WordList refactoring and approaches to GraphQL

alpheios-project / documentation

Alpheios Developer Documentation

0 stars 0 forks source link

WordList refactoring and approaches to GraphQL #38

Open kirlat opened 3 years ago

kirlat commented 3 years ago

After making some successful tests with the Appollo GraphQL and realizing it's strong points (an ease of combining local and remote queries, full-fledged in-memory cache, among other things) and limitations (there is no way to make trully asynchronous requests for local data, see notes about the read method that is used for that) I would like to offer for discussion a concept of the possible WordList refactoring.

One of the important facts about GraphQL queries (that is applicable to other queries as well) is that they return "lean" JSON-like objects (i.e. data only with no methods). We, on the other hand, use "rich" JS objects (full-fledged objects with powerful methods and many auxiliary data items) almost everywhere. Once we receive a lean data object from, we, following our current practices, would convert it to the JS object. If we would like to update a WordItem in the GraphQL storage, we would have to convert the JS object back to the JSON object.

I'm wondering what if we would be lazy with such conversions? Having a JSON word item object, we could always convert it to WordItem JS object whenever necessary. Having a plain JSON object has several advantages, on my opinion:

JSON objects takes less memory. It's often not that much less, but having many objects in memory may make a difference
JSON objects can be serialized and de-serialized easily. They can be used for GraphQL mutations without a need for extra conversion. That might be important if we're planing to rely on GraphQL as our main data API.
It's much easier to attach reactivity to JSON objects than to more complex ones.
It's easier to merge two simple JSON objects together. We can use third-party libraries for this (such as Automerge) So what do you think if we start using more of JSON objects as our main source of truth?

Apolllo has a powerful caching. It is behind almost every GraphQL request that goes through Apollo. If we would to accept GraphQL as our API for data retrieval, it would, on my opinion, make sense to get full use of the Apollo caching instead of our own solutions (and we have to use caching within many Apollo use cases anyway). Would that be acceptable for us?

If GraphQL will prove itself, it might make sens to use GraphQL for many things as a standardized data retrieval and/or data update interface. We could use it to store options, for example, within the options refactoring work. A universal API to store different types of data may simplify things a lot.

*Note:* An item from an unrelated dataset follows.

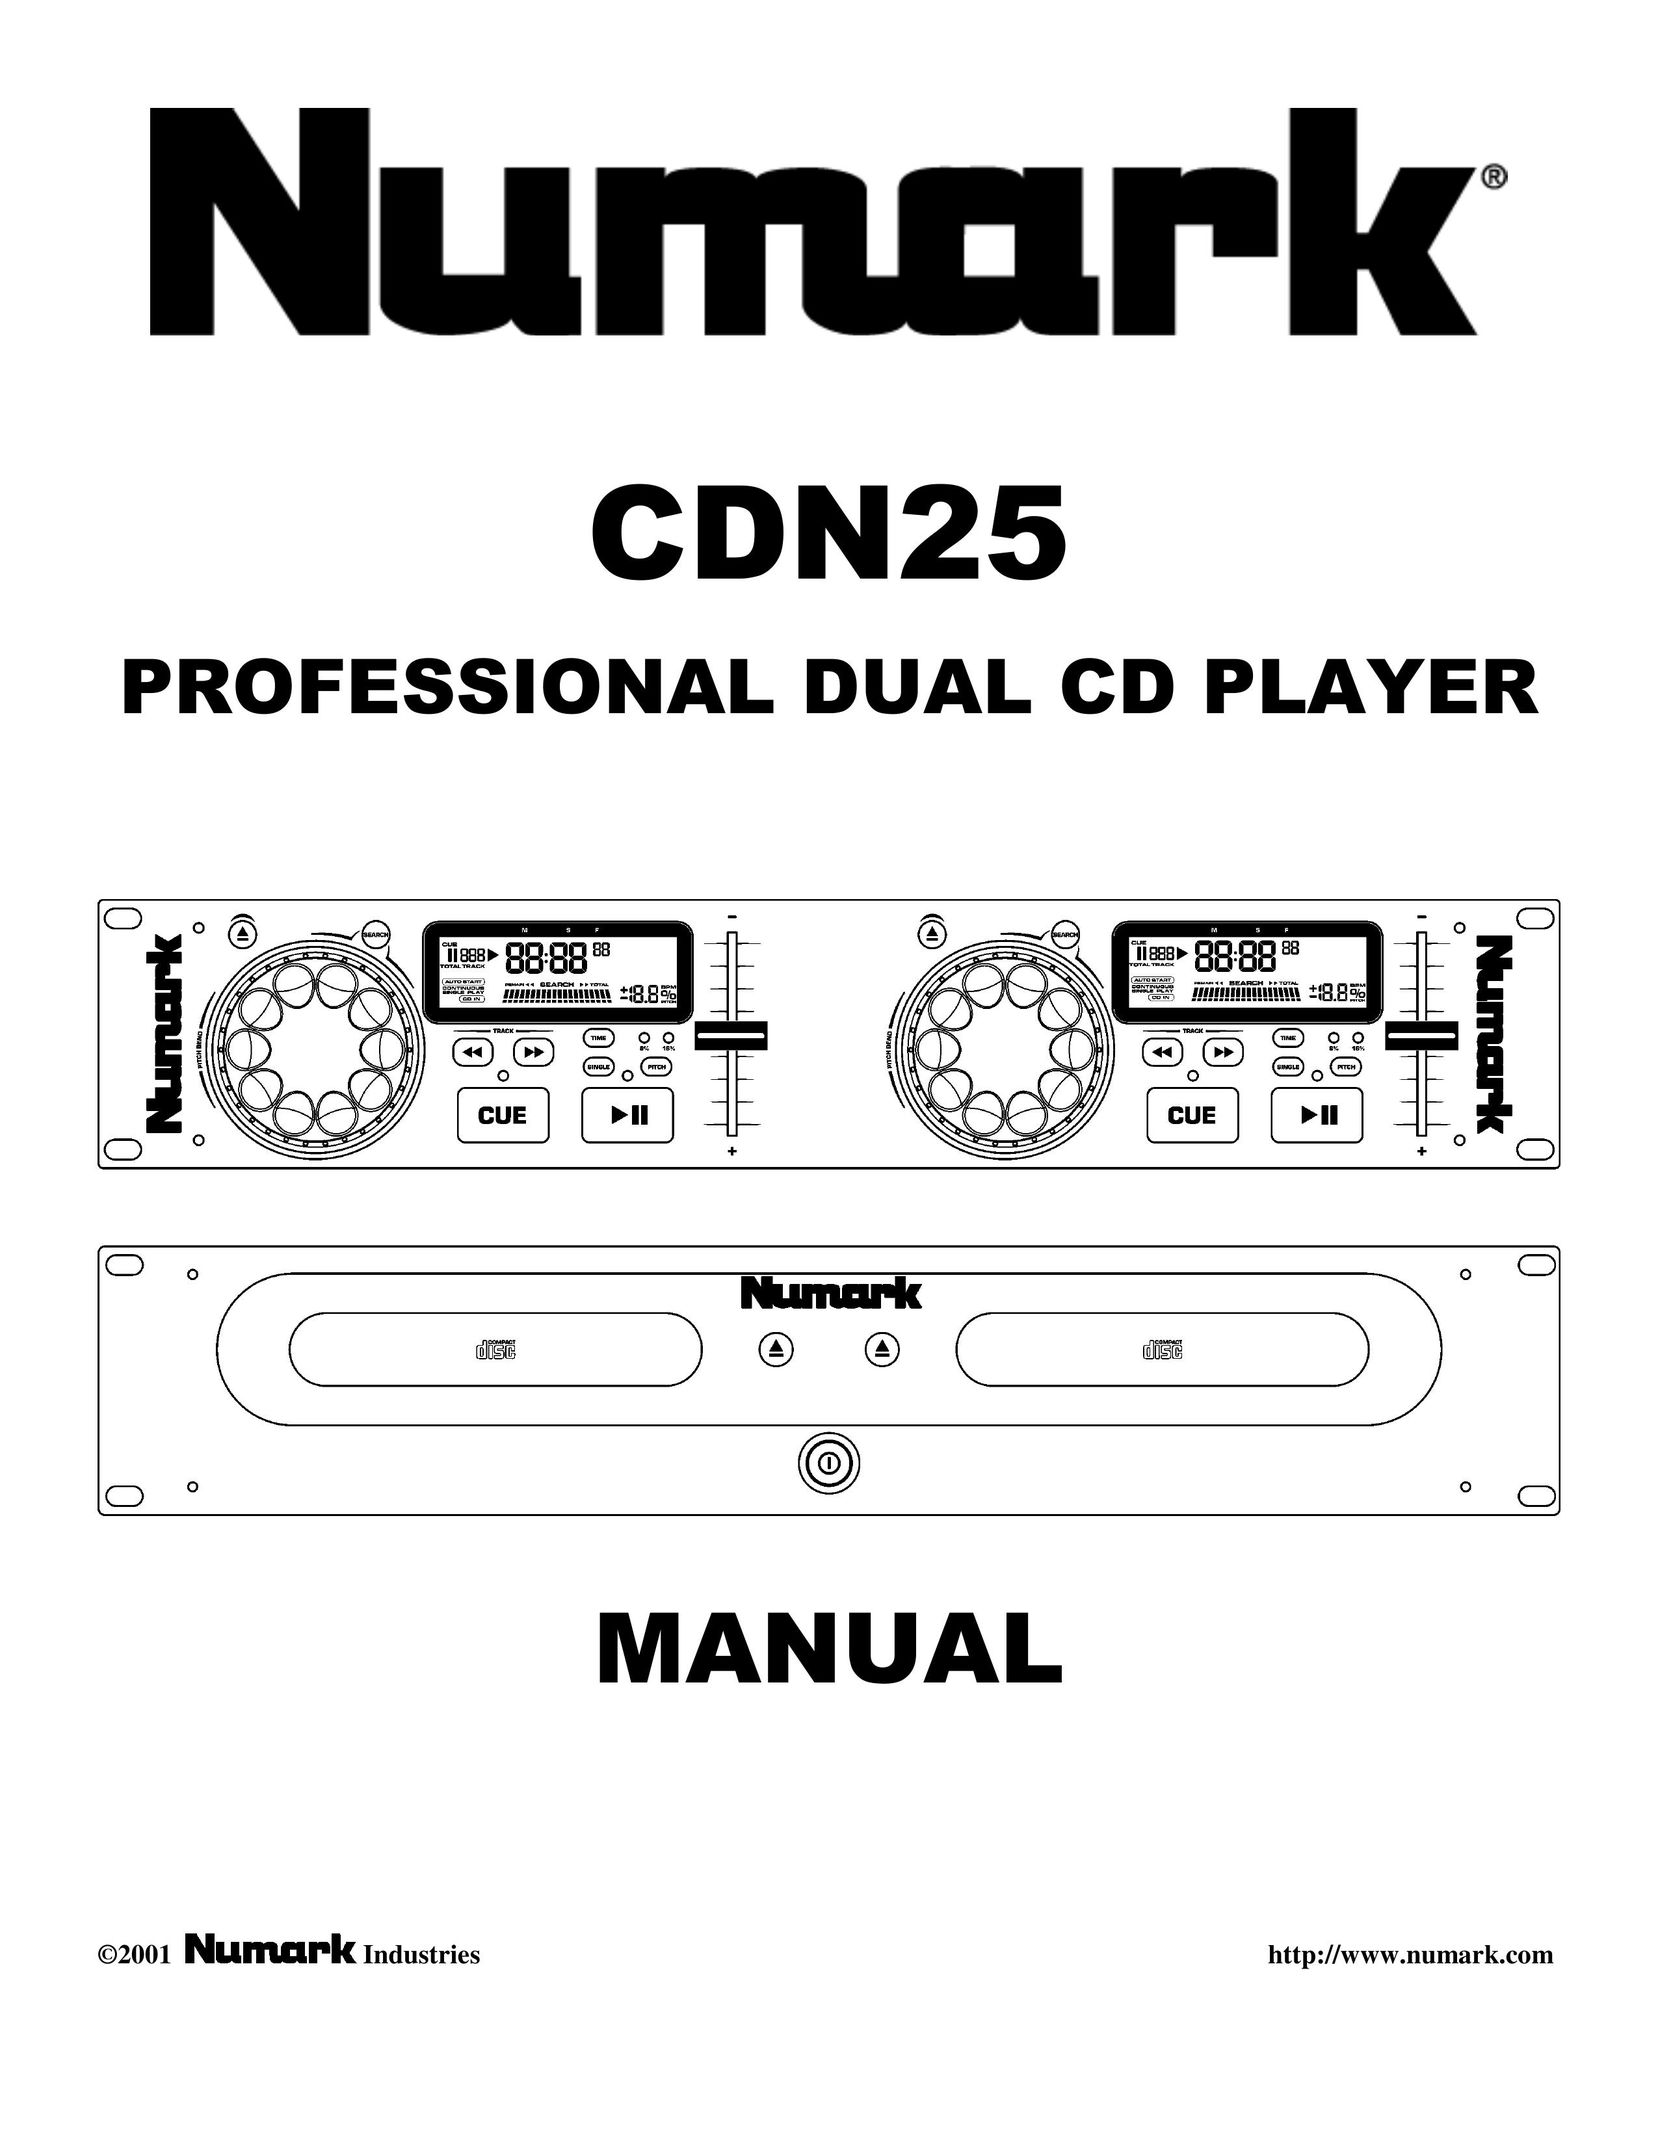 Numark Industries CDN25 CD Player User Manual

The question with GraphQL is where to put the business logic related to data management (i.e. data merges and transformations). It can be that a GraphQL data provider would return a "raw" data and then the requesting object would be responsible to transforming it into the form that is required. Or it could be the GraphQL data provider that would allow to retrieve data in many different forms, and the requester would specify in what form the data should be obtained via a GraphQL query. The GraphQL data provider would do necessary transformations behind its facade and will return data formatted according to the needs of the client. I think the latter approach would be more in the spirit of GraphQL and we probably should use it whenever possible. What do you think?

For the WordListController architectural change, I think that it would make sense to create a GraphQL-enabled object that would sit between the WordListController and the UserDataManager. We can call it as WordListDataManager or some other way. Instead of keeping all WordItems in the WordListController, they can be stored in the cache of the WordListDataManager instead. The WordListController would then issue GraphQL requests to retrieve or update individual word items from the WordListDataManager. WordListController would receive word item(s) as JSON object(s) and then convert them to a WordItem JS object(s) as necessary (hydrate the WordItem object with the word item data). Would an approach like that make sense?

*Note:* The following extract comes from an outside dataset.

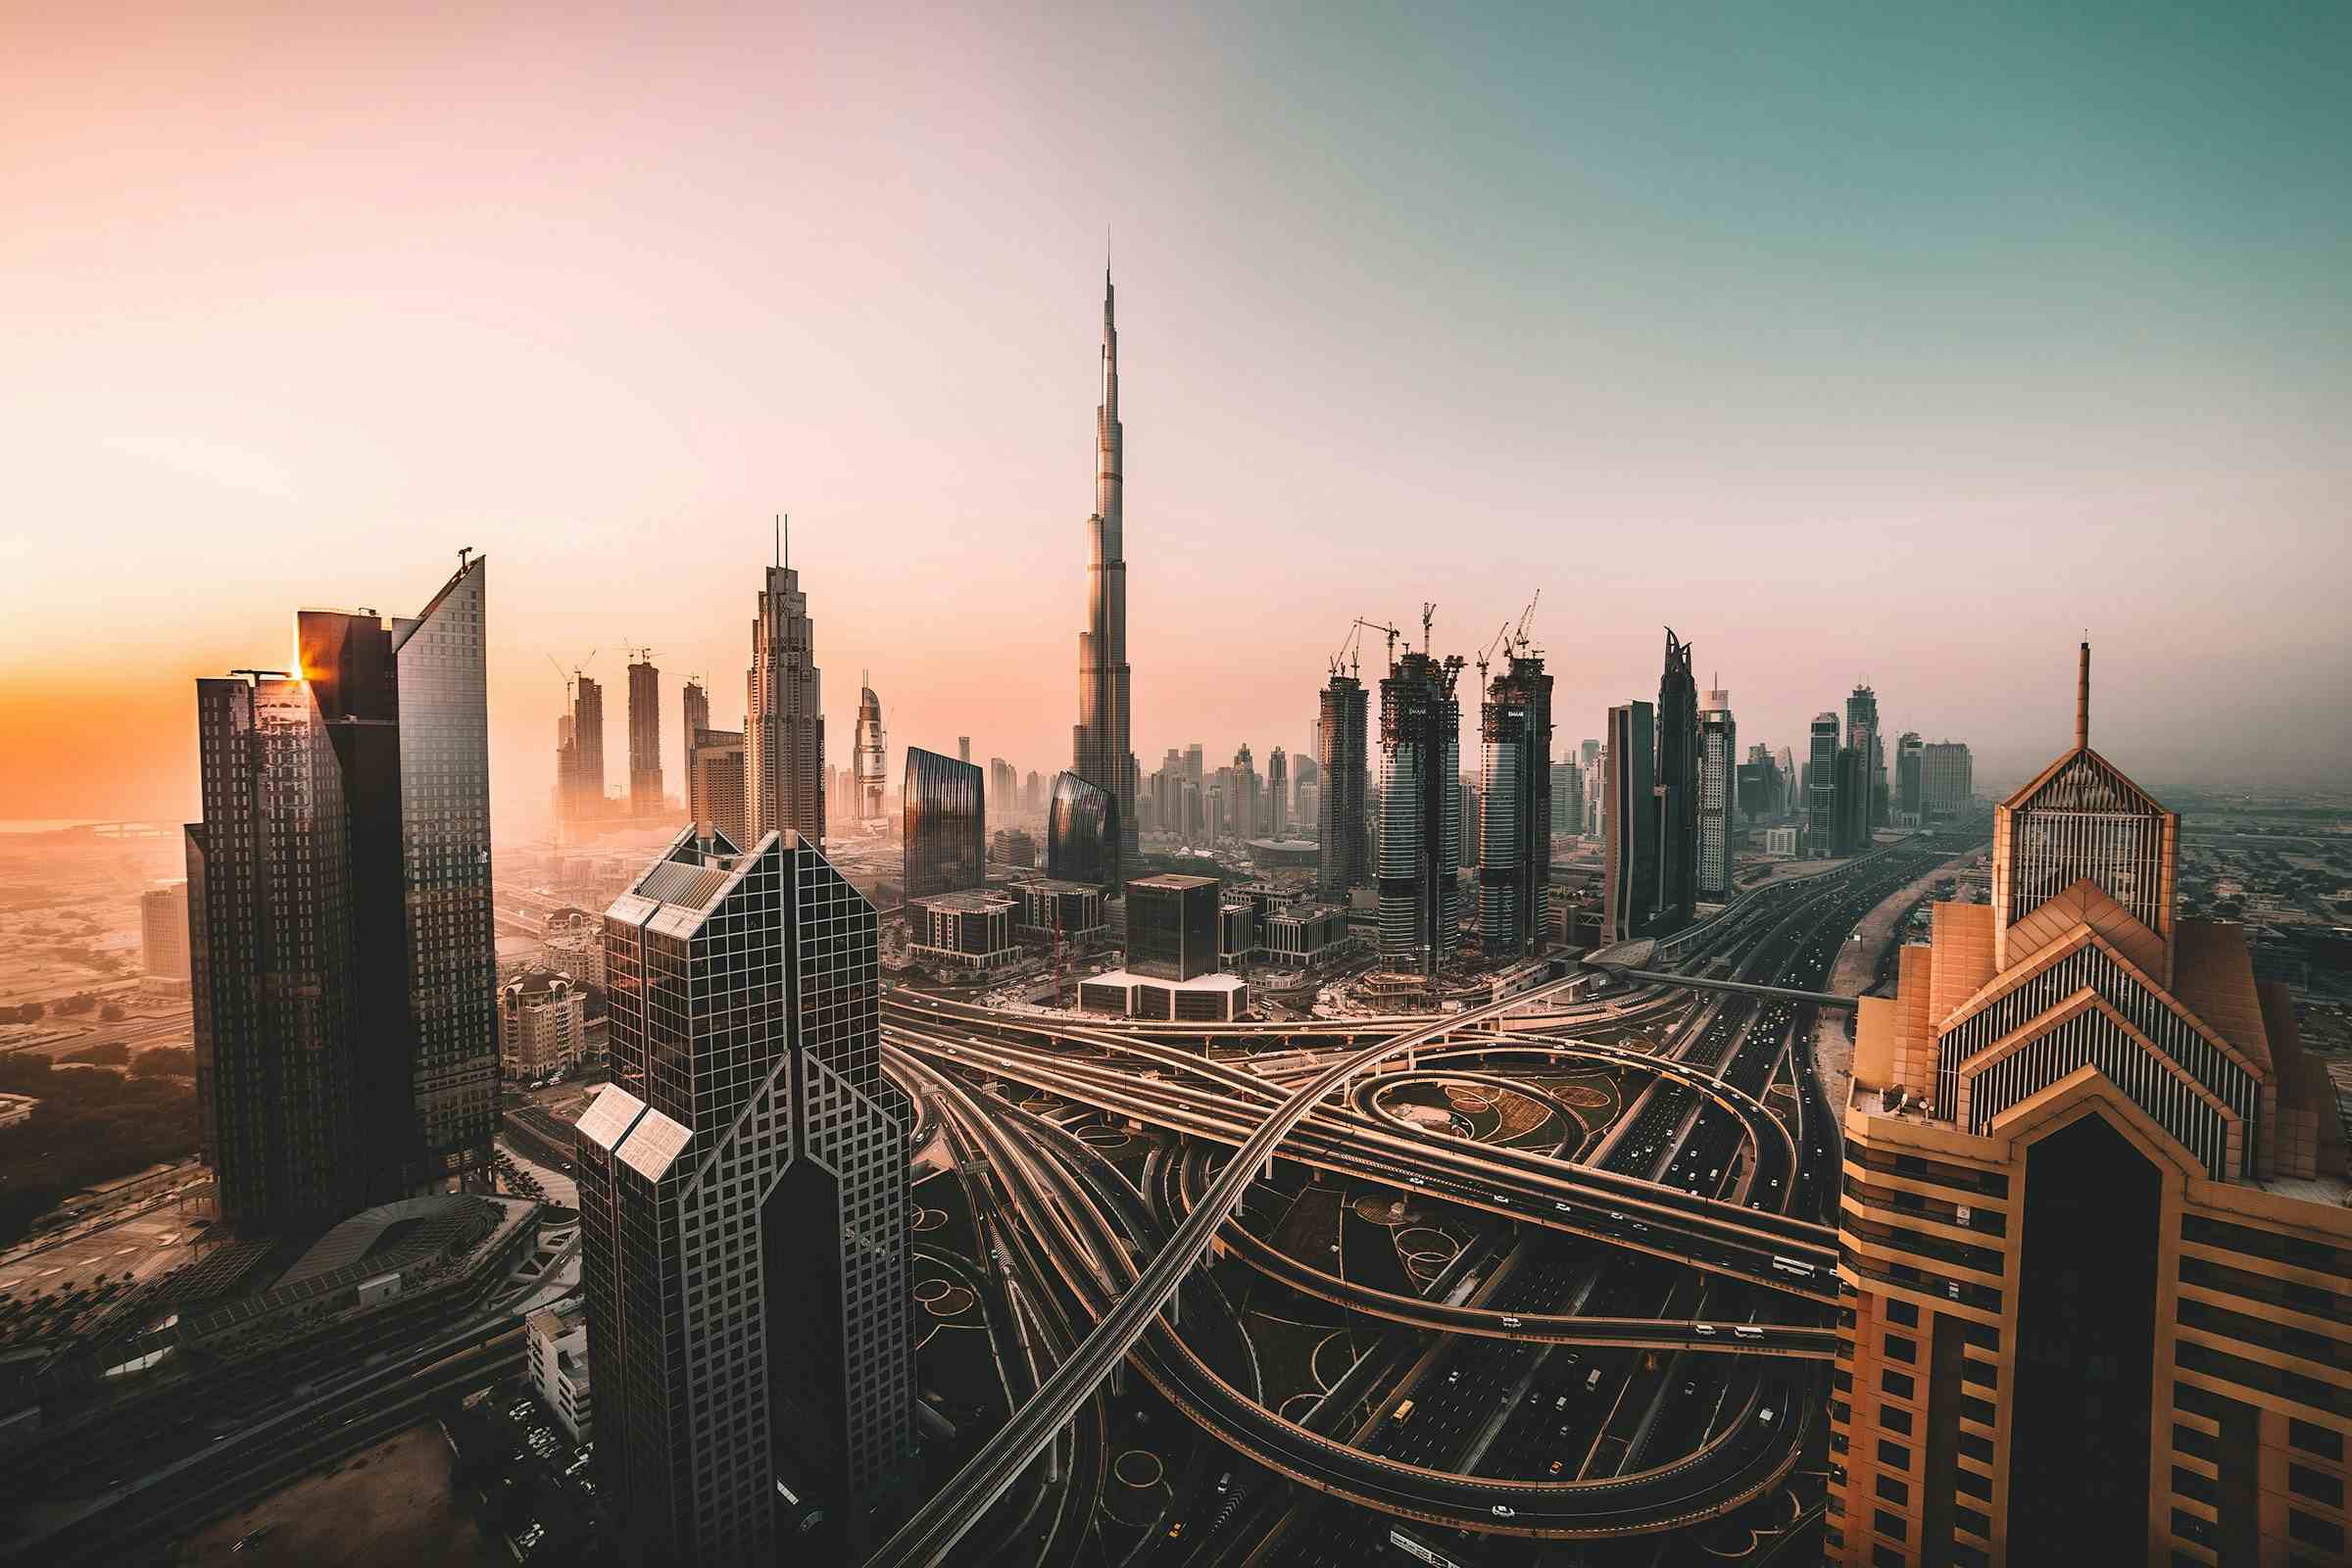 Photo of Dubai by David Rodrigo on Unsplash

@balmas, @irina060981, please let me know what do you think about all this. Thanks!

balmas commented 3 years ago

I'm wondering what if we would be lazy with such conversions? Having a JSON word item object, we could always convert it to WordItem JS object whenever necessary. Having a plain JSON object has several advantages, on my opinion:

I think this makes a lot of sense for the data model objects

The question with GraphQL is where to put the business logic related to data management (i.e. data merges and transformations). It can be that a GraphQL data provider would return a "raw" data and then the requesting object would be responsible to transforming it into the form that is required. Or it could be the GraphQL data provider that would allow to retrieve data in many different forms, and the requester would specify in what form the data should be obtained via a GraphQL query. The GraphQL data provider would do necessary transformations behind its facade and will return data formatted according to the needs of the client. I think the latter approach would be more in the spirit of GraphQL and we probably should use it whenever possible. What do you think?

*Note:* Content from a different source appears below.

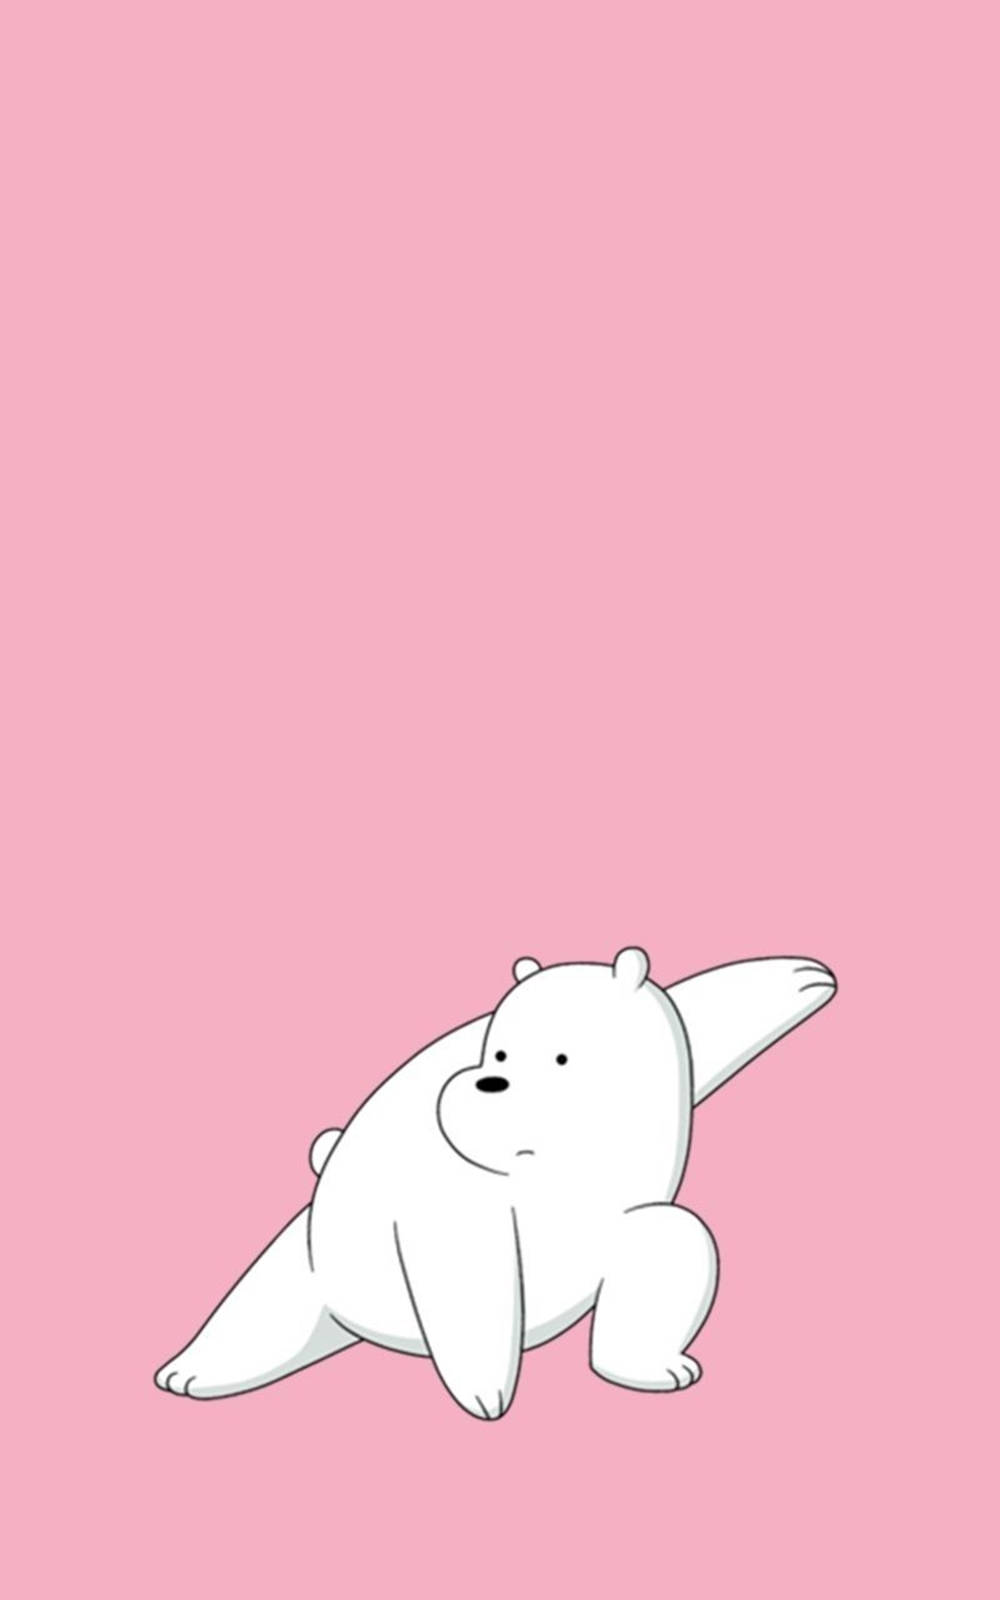 Ice Bear Cartoon In Fighting Stance Wallpaper

Yes, I agree and it's one of the reasons motivating the refactoring, so that the client code can easily specify data sources and priorities and let the GraphQL api manage the details. However, we have to think carefully about the API -- i.e. it will need to be flexible enough that user preferences around which data sources to use and which take precedence in a merge/disambiguation scenario can be specified as inputs to the GraphQL query.

For the WordListController architectural change....

Let's talk through this at our check-in on Monday. I would like to understand how the session history fits in here.

irina060981 commented 3 years ago

I'm wondering what if we would be lazy with such conversions? Having a JSON word item object, we could always convert it to WordItem JS object whenever necessary. Having a plain JSON object has several advantages, on my opinion:

In our current Wordlist actions we use both lean and rich data. We store data inside local and remote storage in Json-like way, and convert it to an object with methods while working with it. The reason we use object-oriented model for data - to reduce duplicated code for objects actions. If we don't have enough amount of duplicated code we could divide the code - use plain objects for data and static methods for classes.

The main problem with lazy conversions is to convert it both ways each time when object is updated. Now (for worditems) we convert it each time we save to local/remote.

From my point of view object-oriented model with inheritance and methods allows to have more abstract code. But it needs to make two-ways conversions. JSON objects would lead to the need to store a reference to a class name and conversion methods.

So in both ways conversions would be used often. From my point of view the following advantages depend more on the way it would be codded than on the technology of storing data:

* JSON objects takes less memory. It's often not that much less, but having many objects in memory may make a difference
* JSON objects can be serialized and de-serialized easily. They can be used for GraphQL mutations without a need for extra conversion. That might be important if we're planing to rely on GraphQL as our main data API.
* It's much easier to attach reactivity to JSON objects than to more complex ones.
* It's easier to merge two simple JSON objects together. We can use third-party libraries for this (such as [Automerge](https://github.com/automerge/automerge))

But it is interesting to try new technology and GraphQL looks like as the next step for abstraction of data retrieval. It looks like to put the data retrieval workflow out of the client part to server part. It could be beneficial for us.

balmas commented 3 years ago

Some links for reference:

Original requirements for the wordlist: https://github.com/alpheios-project/components/issues/304

Architecture design discussion for the wordlist: https://github.com/alpheios-project/documentation/issues/9

balmas commented 3 years ago

As we proceed with this, I don't think we should assume that our current approach to local/remote database storage for the wordlist is something that we want to retain.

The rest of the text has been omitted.